Une relation qui ne survit pas à la vérité est une relation trop faible pour le grand frisson du vrai amour. 

On n'étudie pas un auteur, un penseur, un artiste ou même un scientifique en vertu de sa célébrité. On l'étudie pour ce qu'il a à nous dire des hommes de son époque en tant qu'il cristallise ce qu'ils peuvent penser et ressentir. 

 La convocation lui avait été envoyée via la plate-forme du gouvernement. La plate-forme dédiée à la recherche d'emploi. Une convocation qui tombait en pleine après-midi, à 15h30, comme pour vous signifier sans ambages que vous étiez censé vous tenir à disposition de l'état s'il lui prenait l'envie que vous lui rendiez des comptes. Oui, en tant que bénéficiaire du RSA, il vous incombait de vous tenir en état d'alerte, et c'est la raison pour laquelle l'heure du rendez-vous en question n'était pas négociable, voyez. 

Elle se rendit donc à la convocation en question, par un bel après-midi de mars. Situé dans une zone périurbaine refaite récemment, une zone industrielle dont le bitume ne laissait aucunement planer le doute d'un seul pissenlit, le Pôle Emploi de la ville trônait, flambant neuf face au rond-point lui aussi immaculé. Résolument isolé de la ville, il se trouvait à proximité de l'avant-dernière station de bus, de façon à ce que le futur employé se mette au parfum comme il se doit de ses futurs déplacements domicile-travail. 

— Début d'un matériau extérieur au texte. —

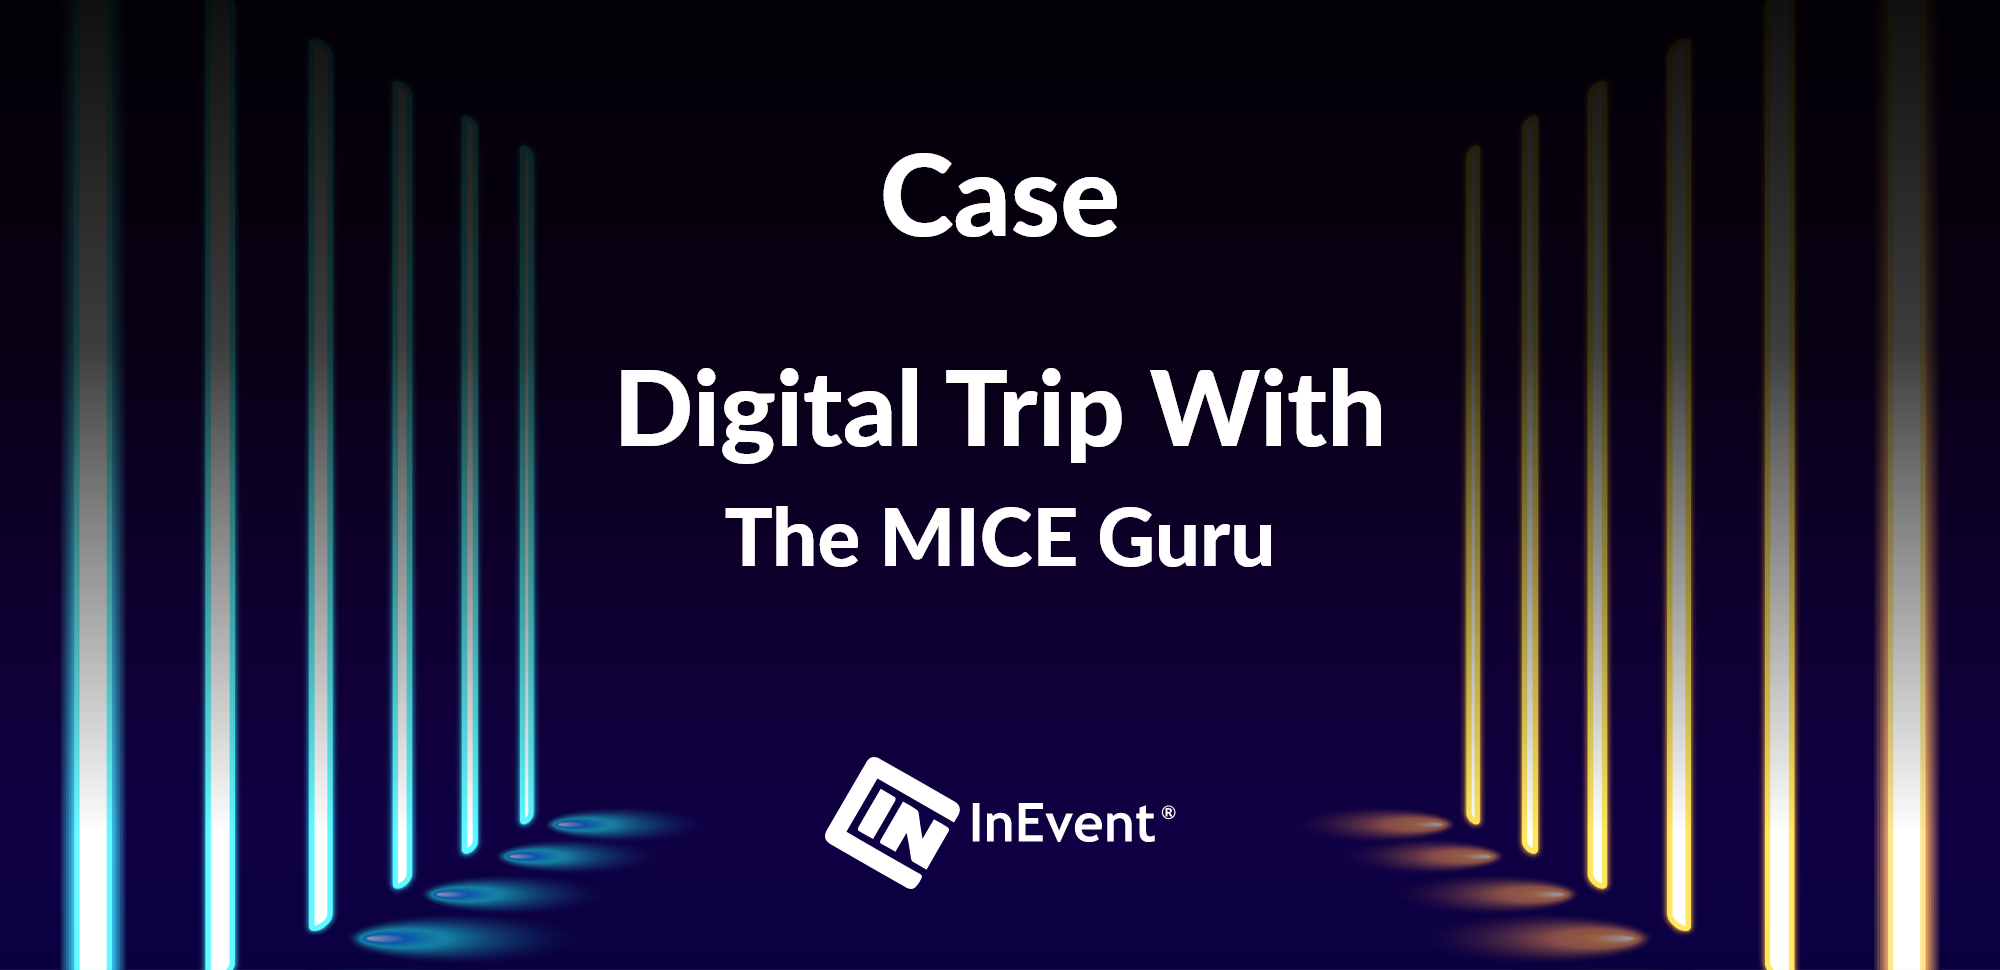 Digitale Reise mit dem MICE-Guru

L'établissement était donc flambant neuf. Lorsqu'elle arriva, on la pria prestement de se plier au dernier rituel social en date : le liquide hydroalcoolique sur les mains, qui parachevait l'aseptisation à l'œuvre, dans ce pays ou en occident en général depuis le début de l'ère industrielle. Elle pensa aux plantes face à la maladie : survivaient-elles en fuyant les bactéries et les virus ? Bien sûr qu'elles ne le pouvaient pas. Elle y étaient exposées et c'est cela précisément qui leur permettait de s'en immuniser. 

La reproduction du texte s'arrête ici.